Increased levels of mtDNA nicks in mutator mouse cell lines
Our studies demonstrated that mutations that change the exonuclease activity of POLγ impair ligation in vitro. To investigate whether these problems could also be detected in vivo, we used mouse embryonic fibroblasts (MEFs) derived from the mutator mouse. These homozygous knock-in mice express EXO- (D257A) in place of WT POLγ. If EXO- POLγ produces 5′-flaps and impairs ligation in vivo, we would expect to observe higher levels of nicked mtDNA in these animals. To address this possibility, we analysed genomic DNA isolated from WT and mutator MEFs by agarose gel electrophoresis and Southern blotting. The gel analysis was performed in the presence or the absence of ethidium bromide (EtBr) to differentiate between nicked and closed circular dsDNA molecules. In the absence of EtBr in the agarose gel, full-length mtDNA from WT and mutator cells migrated as a single band of equal size. As expected, DNA isolated from mutator cells also contained a shorter, linear DNA fragment, which was only detected with the probe against the major arc of mtDNA (Fig. 5a). In the presence of EtBr, full-length mtDNA could be separated into closed or nicked circles, which are unable to form supercoils in the presence of EtBr. Whereas a majority of mtDNA molecules isolated from WT cells were in the closed conformation, the opposite was true for mtDNA isolated from mutator cells, which mostly contained nicked circles. As controls, to verify the migration pattern of closed and nicked forms of mtDNA, the DNA was cut with different restriction enzymes (Supplementary Fig. 5). We could thus conclude that exonuclease-deficient POLγ causes the formation of nicks in vivo.
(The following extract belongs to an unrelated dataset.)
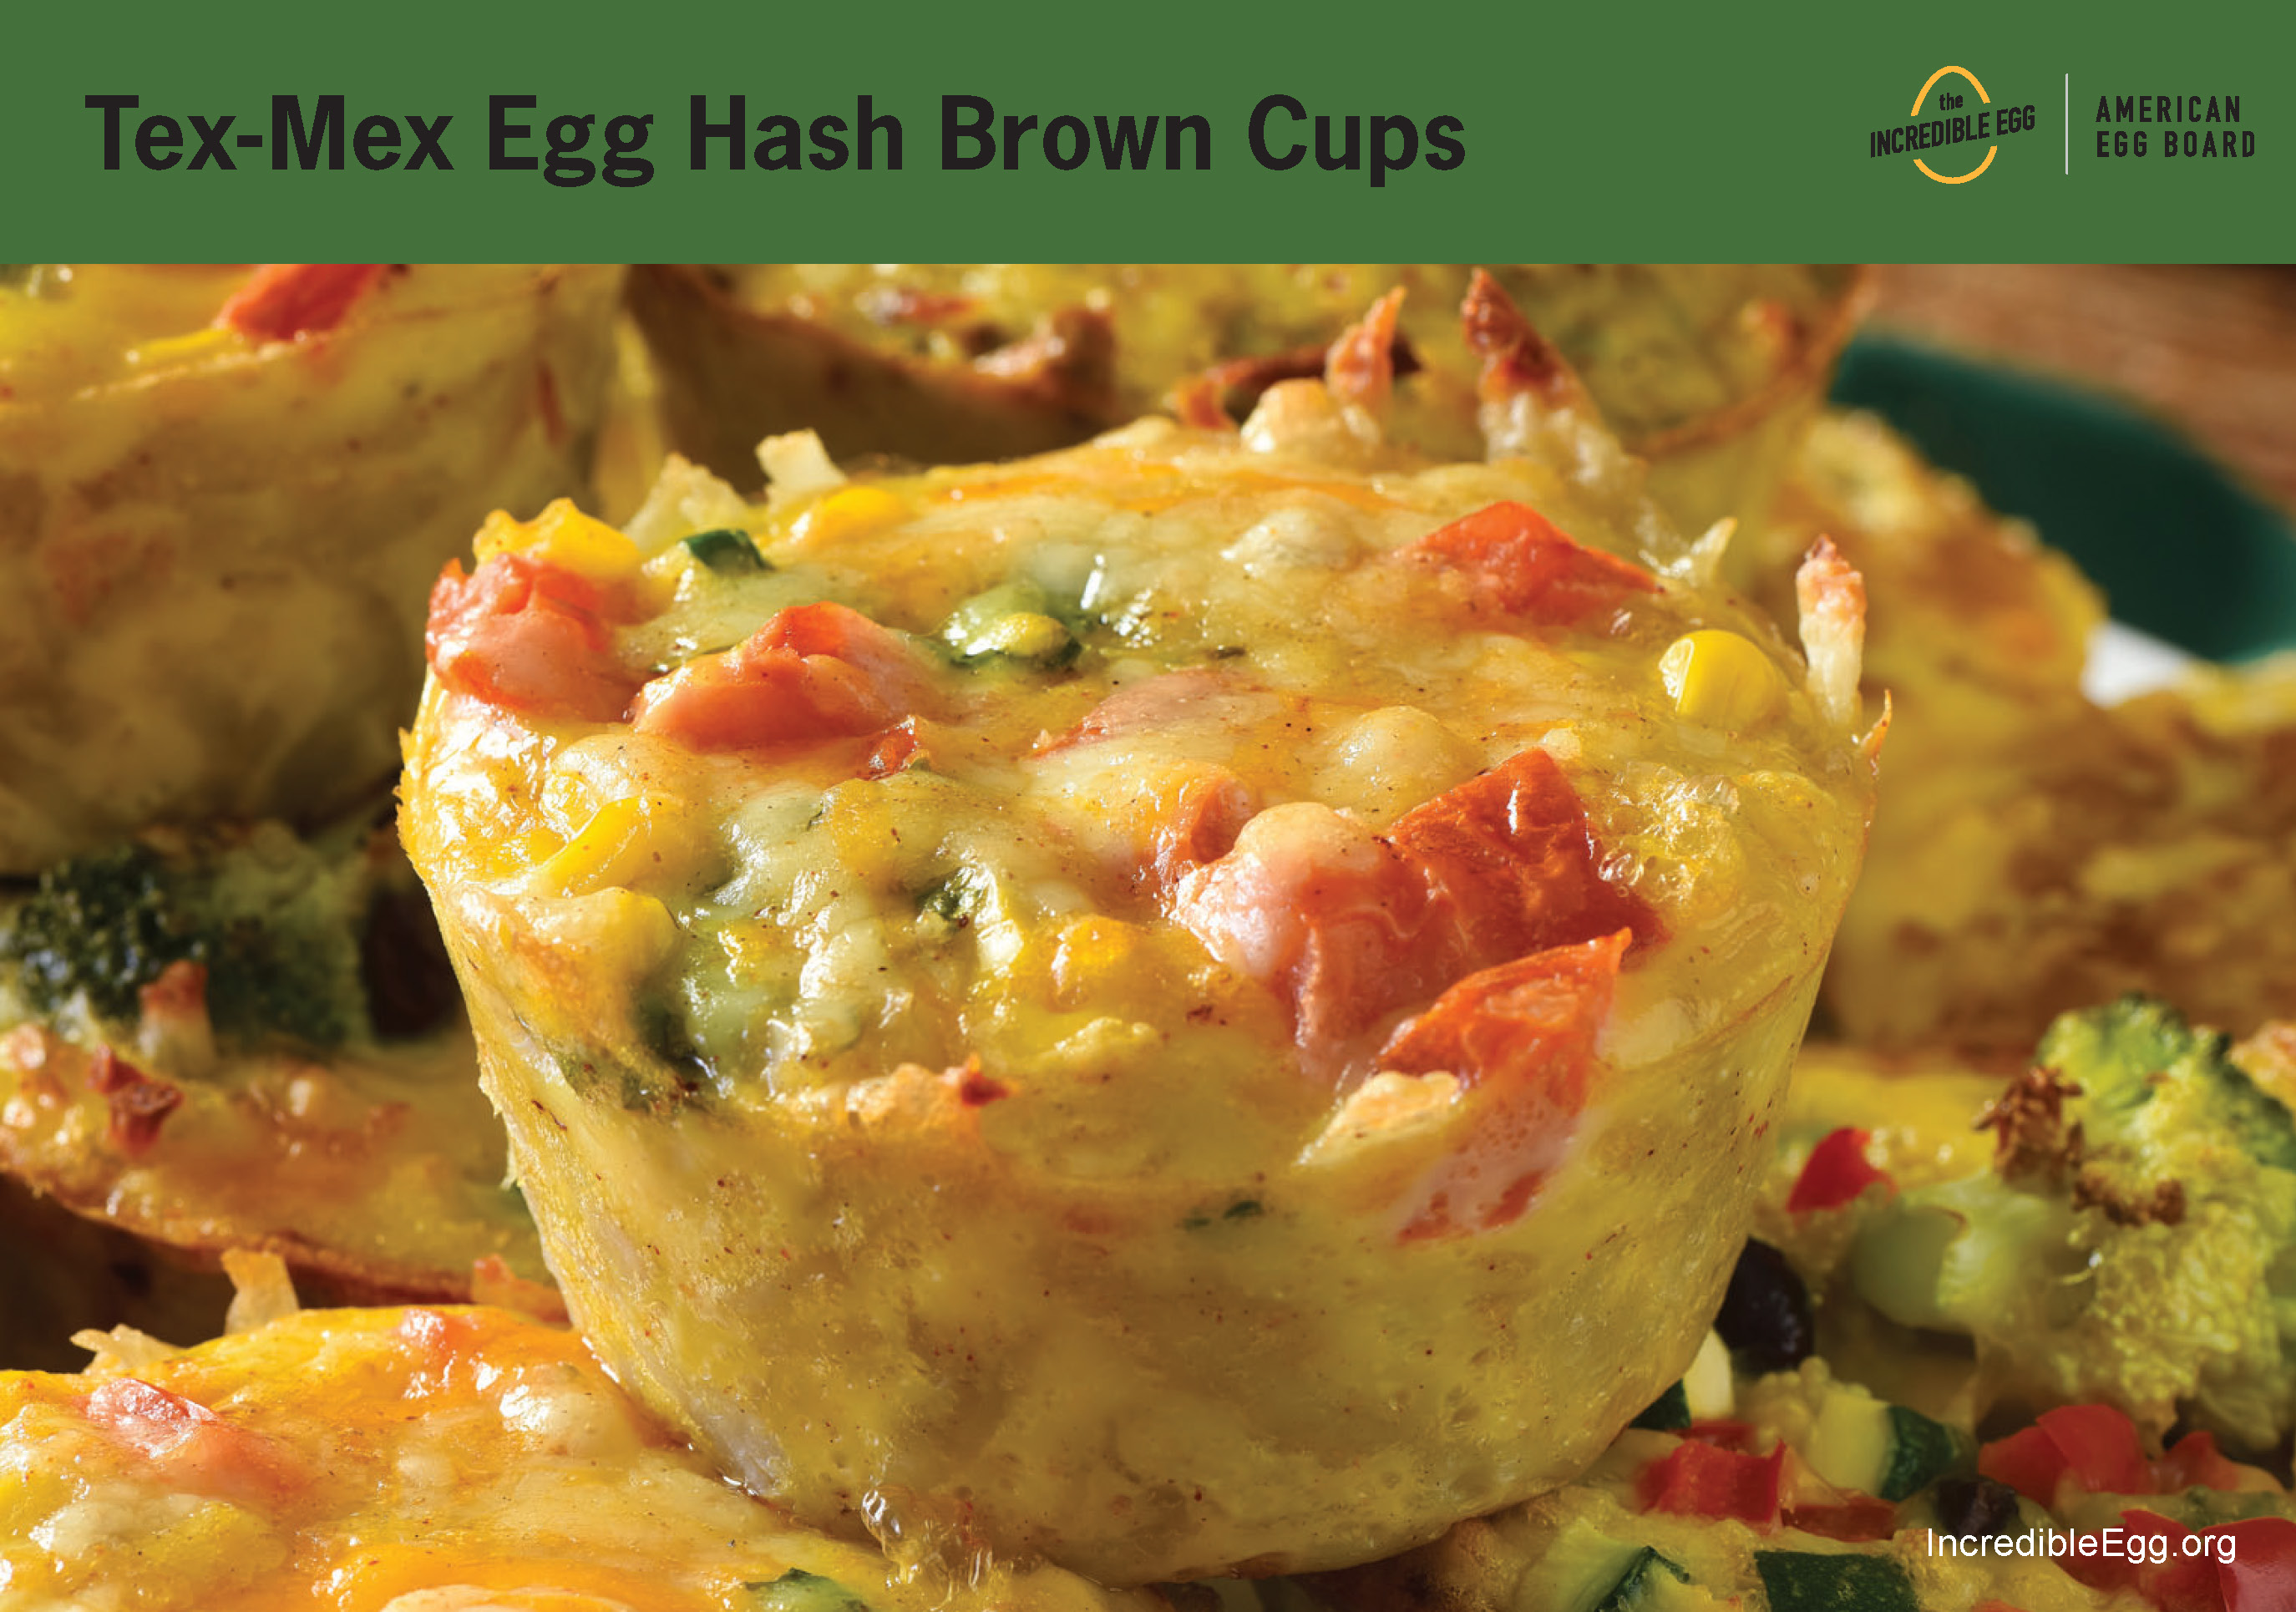 Tex-Mex Egg Hash Brown Cups Recipe Cards

(a) MtDNA was analysed on a 0.4% agarose gel in the absence (left panel) or the presence (right panel) of EtBr. The presence of EtBr in the agarose gel facilitates differentiation between nicked and closed circular dsDNA molecules. The mtDNA was detected by Southern blotting using probes against the major or minor arc. Results were confirmed three times with two independent batches of genomic DNA preparations. (b) A schematic representation of the PCR template including the D-loop region. Arrows and black bars show the PCR amplification regions. (c) The relative ratio of DNA copies of H-/L-strands in WT and mutator (EXO-) mice. Asterisks represent significant differences compared with WT (n=3; *P≤0.05, Student’s t-test). (d) Model of mtDNA linear deletion formation. Failure to ligate at OriH leads to a nick in the H-strand (left panel). The nick does not inhibit initiation of a new round of replication from OriH, as the intact L-strand is used as template for H-strand synthesis. DNA synthesis initiated at OriH may therefore continue full circle and create a new DNA molecule with a nick at OriH (right upper panel). In contrast, DNA synthesis initiated at OriL will result in linear, deleted fragments. In this later case, L-strand DNA synthesis will initiate from OriL and use the H-strand as template. DNA synthesis will reach the nick near OriH and a double-strand break will be formed. The molecule formed will also contain an unstable ssDNA region that will be degraded, leaving a linear double-stranded product spanning the major arc (right lower panel). Failure to ligate at OriH will thus result in the same round of replication generating two different replication products; a circular, nicked mtDNA and a linear, deleted fragment spanning OriH and OriL. Solid back line, H-strand; dashed black line, nascent H-strand; solid red line, L-strand; dashed red line, nascent L-strand.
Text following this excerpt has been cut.